Не помню точно, в какое время, очевидно, в период, когда жил в наемных комнатах, он ожидал от горжилуправления обещанной ему квартиры. Утомленный вечными скитаниями, он был похож на ребенка, который ждет обещанного подарка. Бюрократический механизм работал медленно, и это приводило его в страшное возбуждение. Когда в ответ на посещение управления или на телефонный звонок ему пообещали что-то реальное и даже назвали определенный срок, он встретил меня радостно взволнованным.

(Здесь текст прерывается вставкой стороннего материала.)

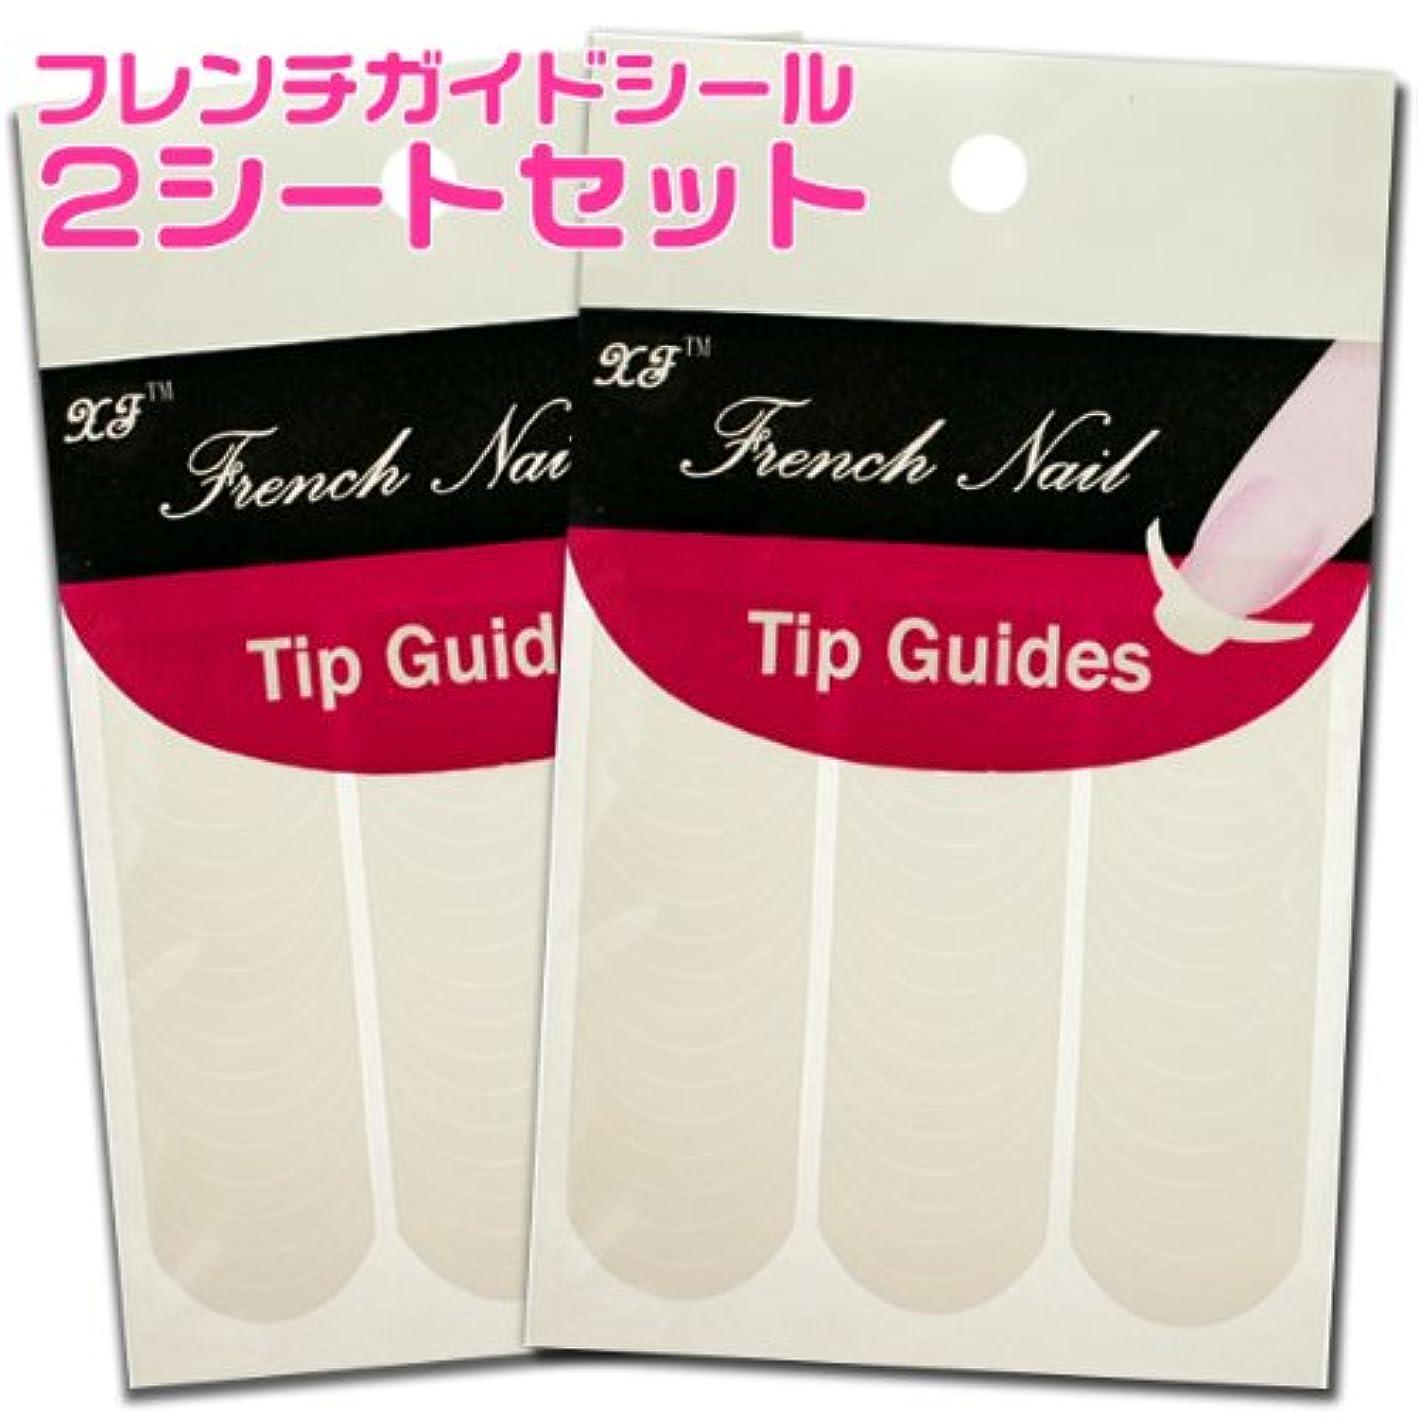 ミルク襟野心的ネイルシール フレンチガイドシール2枚セット フレンチテープフレンチガイドテープ

– Ну вот, наконец я могу вас обрадовать. Через две недели мы вздохнем с Наденькой свободнее. У нас будет своя квартира. А сейчас она приготовит чудесный плов, у нас много риса. Все идет хорошо. И вообще мы многого недооцениваем: так привыкли, что государство предоставляет нам совершенно бесплатно жилище, за которое за границей платят большие деньги, что не замечаем этого и требуем все больше и больше благ. Теперь я прочту вам мои стихи:

От легкой жизни мы сошли с ума: С утра вино, а вечером похмелье. Как удержать напрасное веселье, Румянец твой, о нежная чума! В пожатье рук мучительный обряд, На улицах ночные поцелуи, Когда речные тяжелеют струи И фонари, как факелы, горят. Мы смерти ждем, как сказочного волка, Но я боюсь, что раньше всех умрет Тот, у кого тревожно-красный рот И на глаза спадающая челка.

Осипу Мандельштаму я посвятил свой сонет «Белая ночь»:

Боюсь смотреть в окно. Дрожу как в лихорадке. Сквозь ткань тяжелую мне виден блеск лучей, Такой пронзительный, как хмарь больных ночей… И я лежу, томлюсь, прижавшися к кроватке. Минуты яростны, мучительны, некратки. А бледно-желтый свет, как отблеск от свечей, Плывет и давит мозг… Сомкнуть не даст очей. Беру из ящика бесцветные облатки. И, будто сквозь туман, далекий, прошлый сон… Луга зеленые напевных колоколен. И чей-то милый зов, и чей-то тихий стон. И взгляд очей моих молитвенно безволен… Но ночь прошла уже. Я снова пробужден. А может быть, все сон, а я тоскою болен?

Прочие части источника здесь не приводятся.